Se trata de un estudio de cohortes retrospectivo realizado en 2 centros hospitalarios de tercer nivel. Se incluyeron un total de 818 pacientes. La medida de resultado principal fue la afectación del GC. La valoración de predictores independientes de esta afectación se realizó mediante una regresión logística múltiple y un árbol de clasificación y regresión (CART).

Resultados

El análisis de regresión logística múltiple mostró que la ulceración, el grosor tumoral y un alto índice mitótico (IM) (≥6 mitosis/mm2) se relacionaron con la afectación metastásica del GC de forma independiente. El CART mostró que el grosor de Breslow fue el factor más importante como predictor de la afectación linfática. Para los melanomas gruesos (>2mm) las variables predictoras fueron la ausencia de infiltrado inflamatorio, la edad y la localización. Para los melanomas menores de 2mm las variables predictoras fueron el IM (>6mitosis/mm2), la ulceración y el grosor. El grosor tumoral, la edad, la localización y el IM fueron predictores de la supervivencia de estos pacientes.

Conclusión

Un alto IM se asocia con una mayor afectación metastásica del GC y una peor supervivencia. Con la metodología CART es posible una mejor predicción de la afectación metastásica regional con vistas al mejor manejo clínico de estos pacientes o su inclusión en ensayos clínicos.

Palabras clave:
Melanoma
Biopsia de ganglio linfático centinela
Pronóstico
Índice mitótico
Linfocitos que infiltran los tumores
Texto completo
Introduction

Sentinel lymph node (SN) metastasis is currently the most important predictor of survival in patients with melanoma.1 Although early dissection of affected lymph nodes has not been proven to improve overall survival,2 it is accepted that knowledge of regional involvement permits a more accurate prognosis and helps in the planning of treatment.3

Breslow thickness and presence of ulceration have been systematically linked to a higher likelihood of SN involvement in melanoma.4–7

In recent years, however, mitotic rate has gained increasing recognition as both a prognostic and predictive factor for SN metastasis, particularly since the best method for calculating this rate was established.8–11 Nonetheless, in the latest version of the Cancer Staging Manual of the American Joint Committee on Cancer (AJCC), mitotic rate is recognized only as a prognostic factor in thin melanomas.1

When taking decisions in medicine, it is important to consider evidence based on sound methods to resolve problems that arise when classifying or stratifying patients or assessing prognosis.12 Decision trees are being increasingly used for this purpose, and one particularly useful tool is classification and regression tree (CART) analysis.13 CART offers several advantages over logistic regression. It is simpler to use and interpret, and furthermore, the fact that it is based on a nonparametric method means that no prior assumptions need to be made regarding the distribution of predictors, the relationships between predictors and outcome, or interactions between predictors.
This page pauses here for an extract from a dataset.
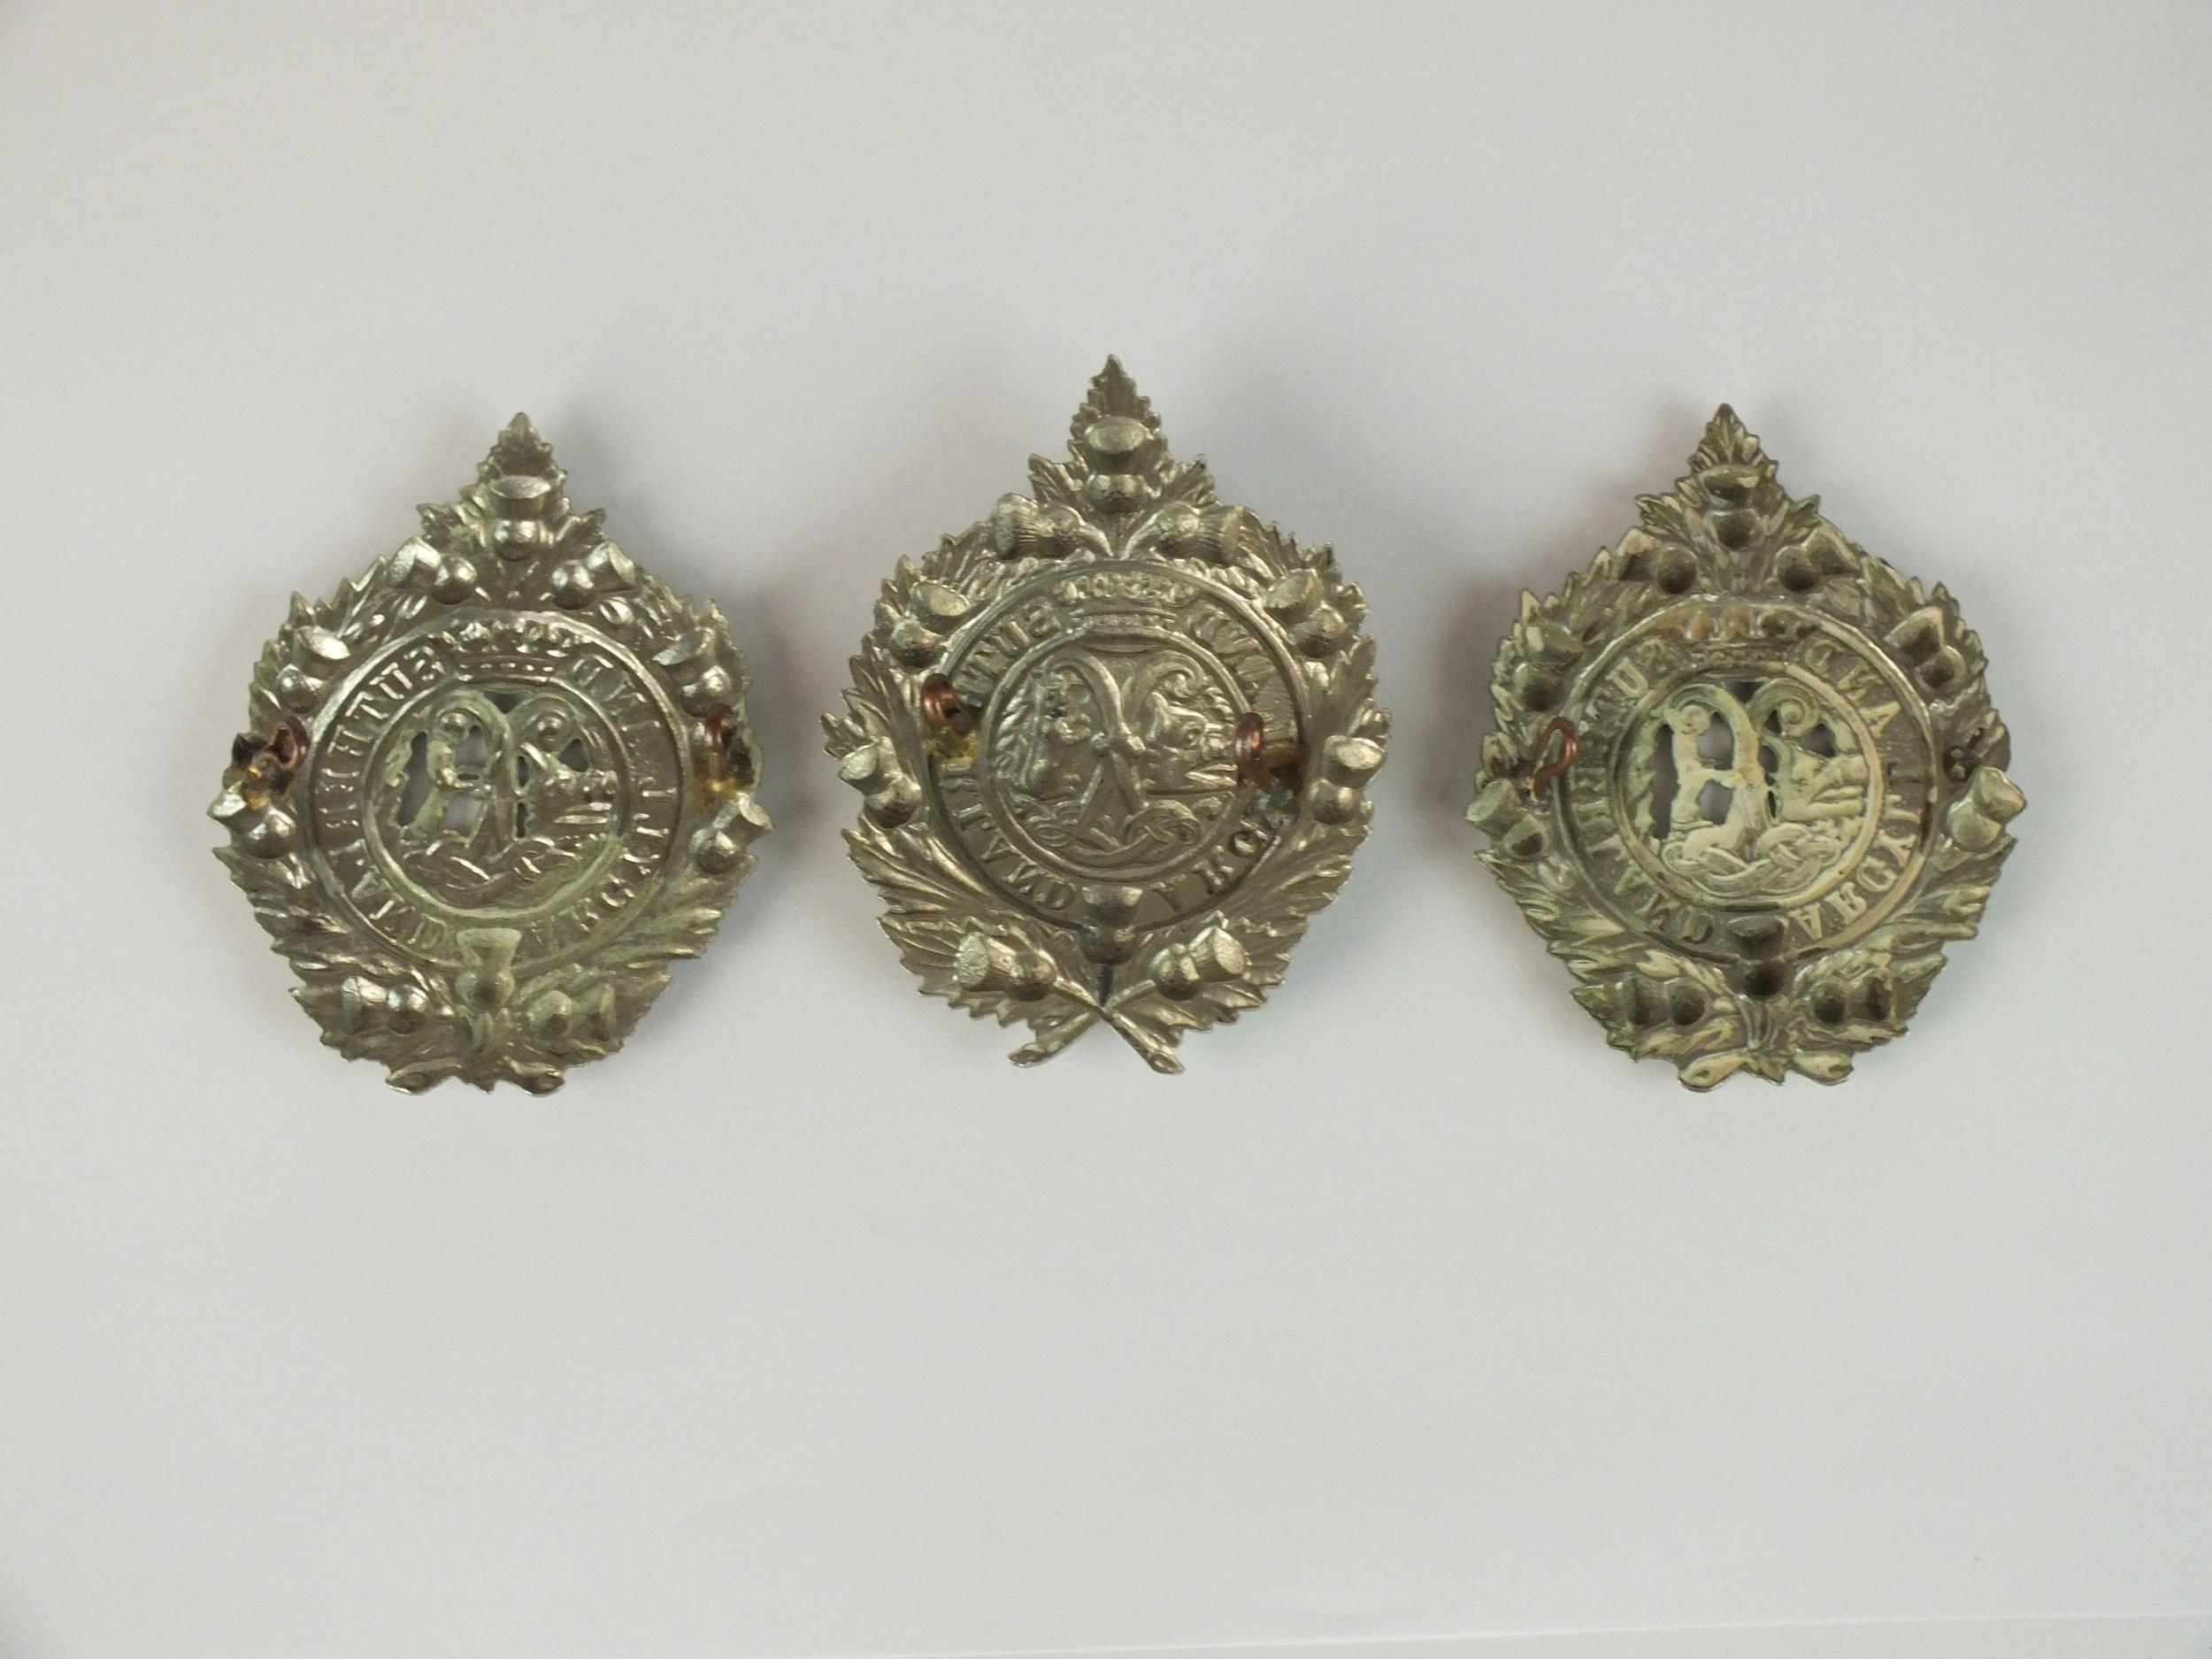 Three Argyll and Sutherland glengarry badges, die-stamped white metal (3) - Image 2 of 2

The main aim of this study was to identify predictors of SN metastasis in cutaneous melanoma using CART and logistic regression. A secondary goal was to evaluate the role of these factors in predicting disease-free survival and melanoma-specific survival.

Material and Methods

This was a retrospective, observational study.

Study Population

The study participants were selected from the melanoma databases at Hospital Virgen de la Victoria (HVV) in Malaga, Spain and Instituto Valenciano de Oncología (IVO) in Valencia, Spain. All ethical requirements regarding the use of databases were complied with. The 2 databases have been described in detail in previous studies.14–16

For this particular study, we selected all patients with a single cutaneous melanoma, classified as clinical stage I or II, who had undergone SN biopsy and been prospectively included in the IVO database between January 1, 2000 and December 31, 2012 or in the HVV database between October 1, 2001 and December 31, 2012. Patients without an identifiable SN during the SN biopsy were excluded from the study.

The study was approved by the ethics committees at the HVV and IVO.

The dependent variable was SN status, which was classified as positive in the presence of melanoma cells in the SN and negative otherwise.

SN Status

The methods used for the pathologic examination of the SN are quite similar in both hospitals and are summarized below:

HVV. The first step is the gross identification and retrieval of the SN, with clearing of surrounding fat where necessary. The SN is then fixed in formalin 10% prior to embedding in a paraffin block. Each block is serially sectioned into 3 slices every 250μm until the whole block is cut. The first and last sections are used for hematoxylin-eosin staining, while the middle section is used for immunohistochemical staining with HMB-45.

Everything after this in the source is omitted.